That is often how casual employment works, but there is no legal requirement for shifts to be of preset hours. I've picked up many a casual employee who has been sent home earlier than expected, and they haven't been paid for the hours they didn't end up working. When there is an offer of work, there is no obligation on the part of the casual employee to accept it, yet they are still employees. The FWO's reasoning is flawed.


----------



## RoboRider (Aug 26, 2018)

UberDriverAU said:


> That is often how casual employment works, but there is no legal requirement for shifts to be of preset hours. I've picked up many a casual employee who has been sent home earlier than expected, and they haven't been paid for the hours they didn't end up working. When there is an offer of work, there is no obligation on the part of the casual employee to accept it, yet they are still employees. The FWO's reasoning is flawed.


Difference still is that the employer sets the hours of work. They may have offered a shift and then ended it early but they set the hours - that is not the case with rideshare. You really think you understand the employment rules better than the FWO


----------



## UberDriverAU (Nov 4, 2015)

RoboRider said:


> Difference still is that the employer sets the hours of work. They may have offered a shift and then ended it early but they set the hours - that is not the case with rideshare. You really think you understand the employment rules better than the FWO


Again, that's not a legal requirement for casual employment. Reread what the FWO said, and then answer this question: is it true that a casual employee is obliged to work if their employer demands it? According to the FWO, that is (at a minimum) what is required to make someone an employee. Forget about Uber and shifts, because thinking about her statement doesn't require thinking about either. The FWO says the answer is yes, do you agree, yes or no?


----------



## Kyanar (Dec 14, 2017)

UberDriverAU said:


> Again, that's not a legal requirement for casual employment.
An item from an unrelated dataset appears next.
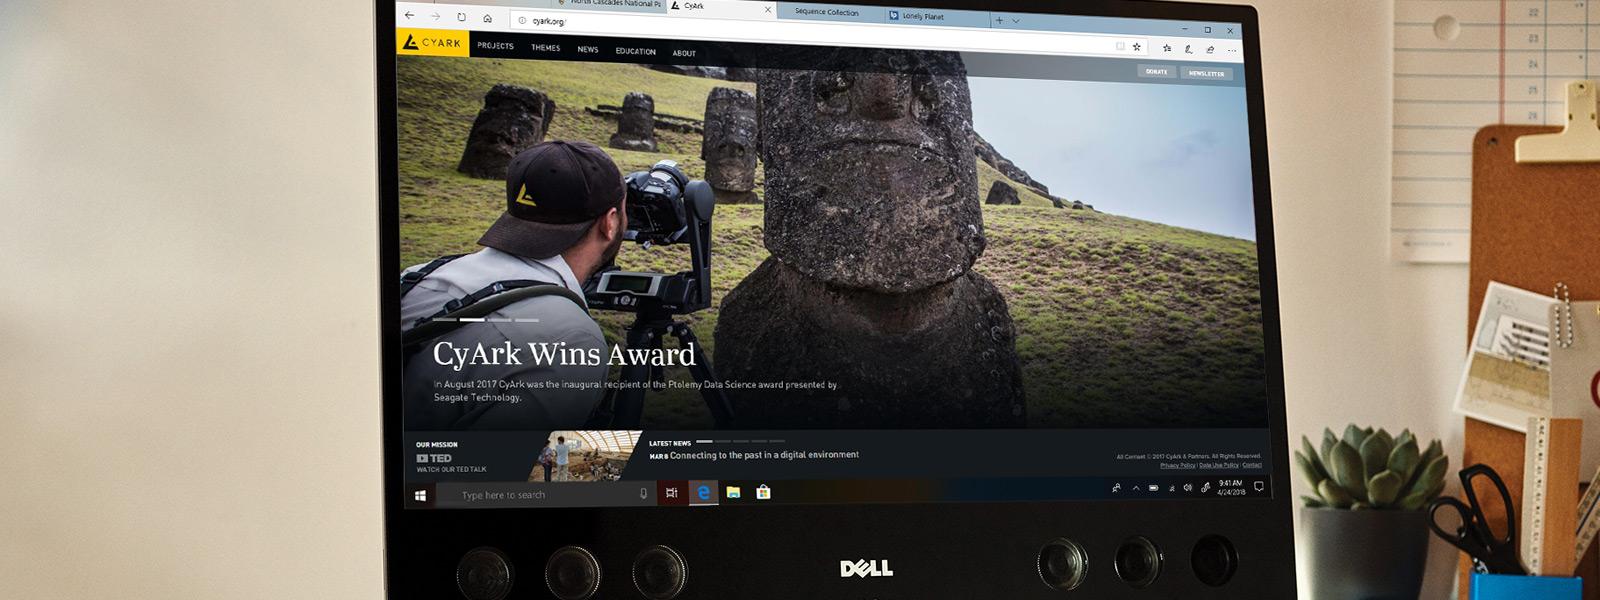 Monitor komputera stojący na biurku z oknem przeglądarki Microsoft Edge, w którym odtwarzane jest wideo w rozdzielczości 4K Ultra HD

Reread what the FWO said, and then answer this question: is it true that a casual employee is obliged to work if their employer demands it? According to the FWO, that is (at a minimum) what is required to make someone an employee. Forget about Uber and shifts, because thinking about her statement doesn't require thinking about either. The FWO says the answer is yes, do you agree, yes or no?


You're reading far too much into the choice of wording. Once you have accepted a shift, yes you absolutely are obliged to work. Unlike Uber/Ola/Bolt.


----------



## UberDriverAU (Nov 4, 2015)

Kyanar said:


> You're reading far too much into the choice of wording


Not really. It's quite a firm statement about what must exist before someone can be considered to be an employee. And if you are honest with at least yourself, you will have to acknowledge that it's simply not true. You might come to the conclusion that someone isn't an employee for other reasons, but a lack of obligation to work on demand can *never* be one of them under current Australian law.


Kyanar said:


> Once you have accepted a shift, yes you absolutely are obliged to work.


That's not true. Either party can end a period of work without notice unless an agreement states otherwise.


----------



## DA08 (Mar 18, 2017)

UberDriverAU said:


> Not really. It's quite a firm statement about what must exist before someone can be considered to be an employee. And if you are honest with at least yourself, you will have to acknowledge that it's simply not true. You might come to the conclusion that someone isn't an employee for other reasons, but a lack of obligation to work on demand can *never* be one of them under current Australian law.
> 
> That's not true. Either party can end a period of work without notice unless an agreement states otherwise.


What you say is true only if you don't wanna work there anymore.... Even on casual employment you can't decide when you finish and want to go home...


----------



## UberDriverAU (Nov 4, 2015)

DA08 said:


> What you say is true only if you don't wanna work there anymore.... Even on casual employment you can't decide when you finish and want to go home...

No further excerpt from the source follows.